README.Rmd

---
output: github_document
---

# EBArulebook

<!-- badges: start -->
[![Lifecycle: experimental](https://img.shields.io/badge/lifecycle-experimental-orange.svg)](https://lifecycle.r-lib.org/articles/stages.html#experimental)
[![CRAN status](https://www.r-pkg.org/badges/version/EBArulebook)](https://cran.r-project.org/package=EBArulebook)

<!-- badges: end -->

`EBArulebook` is a package to scrape the [EBA Single Rulebook](https://www.eba.europa.eu/regulation-and-policy/single-rulebook/).

The input to this package is the Single Rulebook website. Outputs from this package are the rules and [Q&As](https://www.eba.europa.eu/single-rule-book-qa) published on the Single Rulebook website in a format more amenable to text and network analysis.
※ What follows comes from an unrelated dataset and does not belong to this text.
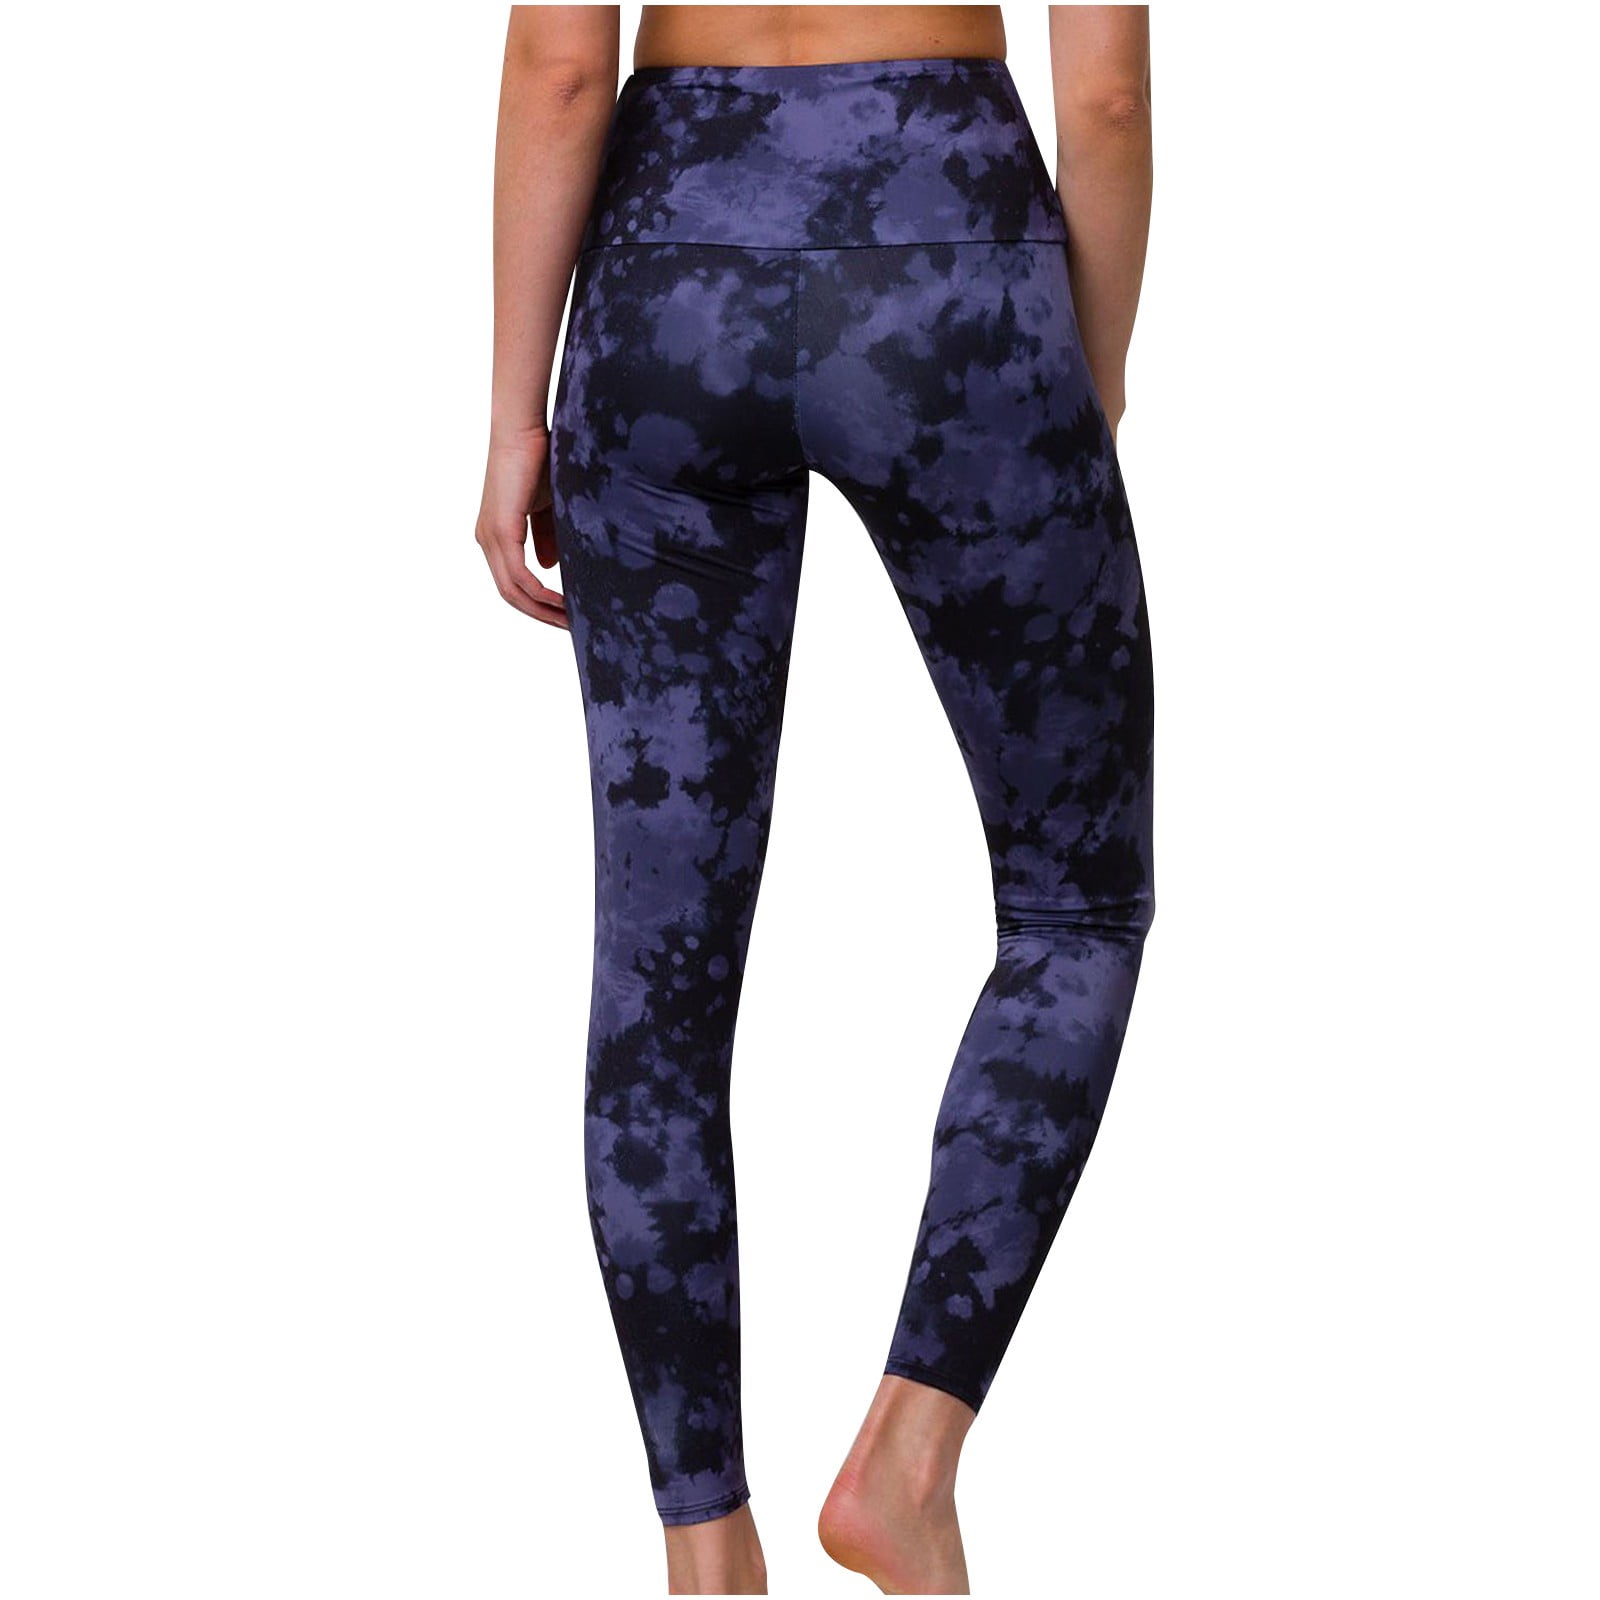 adviicd Yoga Pants For Girls Yoga Dress Pants Womenâ€™s High Waist Booty  Yoga pants Gym Workout Spandex Dance Hot Pants Lifting Rave Bottoms Sky  Blue

The goal of `EBArulebook` is to scrape the [Single Rulebook](https://eba.europa.eu/regulation-and-policy/single-rulebook) and [Q&As](https://eba.europa.eu/single-rule-book-qa) published by the European Banking Authority (EBA). This package was developed while working on a Staff Working Paper:

**Amadxarif, Z., Brookes, J., Garbarino, N., Patel, R., Walczak, E. (2019) *[The Language of Rules: Textual Complexity in Banking Reforms.](https://www.bankofengland.co.uk/working-paper/2019/the-language-of-rules-textual-complexity-in-banking-reforms)* Staff Working Paper No. 834. Bank of England.**

If you use this package, then please cite the paper.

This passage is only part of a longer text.